■ **WORK TASK**
Below are the entries. Transcribe exactly the lines from the one with "Bed Bug And" through the one with "Charlotte Flair and", ends included, and leave out all others.

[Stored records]
* * * * * * *

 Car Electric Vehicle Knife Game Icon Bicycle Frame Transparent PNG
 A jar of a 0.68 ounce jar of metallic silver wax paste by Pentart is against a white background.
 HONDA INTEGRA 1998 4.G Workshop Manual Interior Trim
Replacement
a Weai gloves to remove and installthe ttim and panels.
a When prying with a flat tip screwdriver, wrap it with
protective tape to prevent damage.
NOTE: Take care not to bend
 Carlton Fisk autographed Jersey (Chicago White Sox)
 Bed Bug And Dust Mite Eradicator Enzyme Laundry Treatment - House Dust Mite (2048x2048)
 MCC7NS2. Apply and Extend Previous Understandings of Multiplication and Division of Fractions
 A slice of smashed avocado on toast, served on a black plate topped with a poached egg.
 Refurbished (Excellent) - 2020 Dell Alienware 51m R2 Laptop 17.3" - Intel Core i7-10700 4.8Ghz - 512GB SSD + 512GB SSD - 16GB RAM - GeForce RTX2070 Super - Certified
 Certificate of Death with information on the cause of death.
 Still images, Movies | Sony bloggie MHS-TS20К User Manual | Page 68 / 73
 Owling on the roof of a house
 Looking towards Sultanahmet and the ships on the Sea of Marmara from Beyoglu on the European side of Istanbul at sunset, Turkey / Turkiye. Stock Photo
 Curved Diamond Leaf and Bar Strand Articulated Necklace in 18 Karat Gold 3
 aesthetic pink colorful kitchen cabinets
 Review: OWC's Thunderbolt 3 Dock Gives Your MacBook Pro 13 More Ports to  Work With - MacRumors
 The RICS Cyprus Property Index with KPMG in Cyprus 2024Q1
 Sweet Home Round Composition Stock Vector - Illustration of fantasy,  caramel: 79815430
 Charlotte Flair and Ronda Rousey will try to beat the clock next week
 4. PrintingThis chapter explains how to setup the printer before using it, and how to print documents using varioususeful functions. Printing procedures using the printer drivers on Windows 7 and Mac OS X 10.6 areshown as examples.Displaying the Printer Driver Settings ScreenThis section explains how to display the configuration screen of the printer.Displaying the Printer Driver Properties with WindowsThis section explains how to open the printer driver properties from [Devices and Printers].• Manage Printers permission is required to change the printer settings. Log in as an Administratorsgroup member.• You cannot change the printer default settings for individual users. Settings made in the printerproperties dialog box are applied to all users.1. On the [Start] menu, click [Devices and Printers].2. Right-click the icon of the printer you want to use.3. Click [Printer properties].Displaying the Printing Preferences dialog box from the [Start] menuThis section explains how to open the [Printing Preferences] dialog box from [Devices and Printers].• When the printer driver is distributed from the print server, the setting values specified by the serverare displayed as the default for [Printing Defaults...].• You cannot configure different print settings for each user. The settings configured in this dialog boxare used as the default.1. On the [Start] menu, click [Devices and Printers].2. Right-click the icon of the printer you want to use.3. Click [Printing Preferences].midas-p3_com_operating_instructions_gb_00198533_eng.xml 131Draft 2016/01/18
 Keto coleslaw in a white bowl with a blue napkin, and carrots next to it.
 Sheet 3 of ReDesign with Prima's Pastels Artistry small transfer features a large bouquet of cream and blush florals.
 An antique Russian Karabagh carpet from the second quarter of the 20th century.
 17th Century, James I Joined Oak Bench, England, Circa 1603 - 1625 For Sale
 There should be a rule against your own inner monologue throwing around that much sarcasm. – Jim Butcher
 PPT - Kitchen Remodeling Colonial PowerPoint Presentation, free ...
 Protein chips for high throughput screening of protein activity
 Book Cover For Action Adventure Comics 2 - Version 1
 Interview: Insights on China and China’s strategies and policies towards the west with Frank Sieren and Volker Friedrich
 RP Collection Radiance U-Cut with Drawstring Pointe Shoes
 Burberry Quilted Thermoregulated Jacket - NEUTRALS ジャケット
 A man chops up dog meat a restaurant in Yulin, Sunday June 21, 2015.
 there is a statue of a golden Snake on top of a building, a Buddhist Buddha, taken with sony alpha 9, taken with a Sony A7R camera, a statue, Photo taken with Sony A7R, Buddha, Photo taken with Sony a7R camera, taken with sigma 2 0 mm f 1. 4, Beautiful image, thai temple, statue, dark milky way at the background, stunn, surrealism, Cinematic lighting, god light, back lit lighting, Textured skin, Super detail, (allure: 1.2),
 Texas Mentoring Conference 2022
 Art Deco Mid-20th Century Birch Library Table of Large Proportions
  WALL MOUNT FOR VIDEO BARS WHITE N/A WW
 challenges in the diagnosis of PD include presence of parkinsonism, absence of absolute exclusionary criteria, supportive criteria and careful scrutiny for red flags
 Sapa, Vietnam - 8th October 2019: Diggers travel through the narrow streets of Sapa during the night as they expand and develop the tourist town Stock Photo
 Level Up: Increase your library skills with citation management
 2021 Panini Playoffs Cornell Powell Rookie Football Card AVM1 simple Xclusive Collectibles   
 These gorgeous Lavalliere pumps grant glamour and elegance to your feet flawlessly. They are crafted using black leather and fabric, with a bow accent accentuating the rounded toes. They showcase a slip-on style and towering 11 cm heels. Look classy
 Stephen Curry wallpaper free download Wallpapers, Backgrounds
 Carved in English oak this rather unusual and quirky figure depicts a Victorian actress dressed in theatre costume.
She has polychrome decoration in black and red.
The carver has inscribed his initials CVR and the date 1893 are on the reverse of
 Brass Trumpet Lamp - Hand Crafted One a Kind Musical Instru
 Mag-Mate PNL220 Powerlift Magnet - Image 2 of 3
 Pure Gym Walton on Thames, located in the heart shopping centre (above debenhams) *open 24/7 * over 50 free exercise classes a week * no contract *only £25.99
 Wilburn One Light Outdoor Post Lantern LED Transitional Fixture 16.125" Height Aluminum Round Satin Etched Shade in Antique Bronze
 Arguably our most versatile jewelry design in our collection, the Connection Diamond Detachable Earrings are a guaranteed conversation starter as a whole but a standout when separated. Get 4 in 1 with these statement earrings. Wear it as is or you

* * * * * * *

■ **TASK RESPONSE**
 Bed Bug And Dust Mite Eradicator Enzyme Laundry Treatment - House Dust Mite (2048x2048)
 MCC7NS2. Apply and Extend Previous Understandings of Multiplication and Division of Fractions
 A slice of smashed avocado on toast, served on a black plate topped with a poached egg.
 Refurbished (Excellent) - 2020 Dell Alienware 51m R2 Laptop 17.3" - Intel Core i7-10700 4.8Ghz - 512GB SSD + 512GB SSD - 16GB RAM - GeForce RTX2070 Super - Certified
 Certificate of Death with information on the cause of death.
 Still images, Movies | Sony bloggie MHS-TS20К User Manual | Page 68 / 73
 Owling on the roof of a house
 Looking towards Sultanahmet and the ships on the Sea of Marmara from Beyoglu on the European side of Istanbul at sunset, Turkey / Turkiye. Stock Photo
 Curved Diamond Leaf and Bar Strand Articulated Necklace in 18 Karat Gold 3
 aesthetic pink colorful kitchen cabinets
 Review: OWC's Thunderbolt 3 Dock Gives Your MacBook Pro 13 More Ports to  Work With - MacRumors
 The RICS Cyprus Property Index with KPMG in Cyprus 2024Q1
 Sweet Home Round Composition Stock Vector - Illustration of fantasy,  caramel: 79815430
 Charlotte Flair and Ronda Rousey will try to beat the clock next week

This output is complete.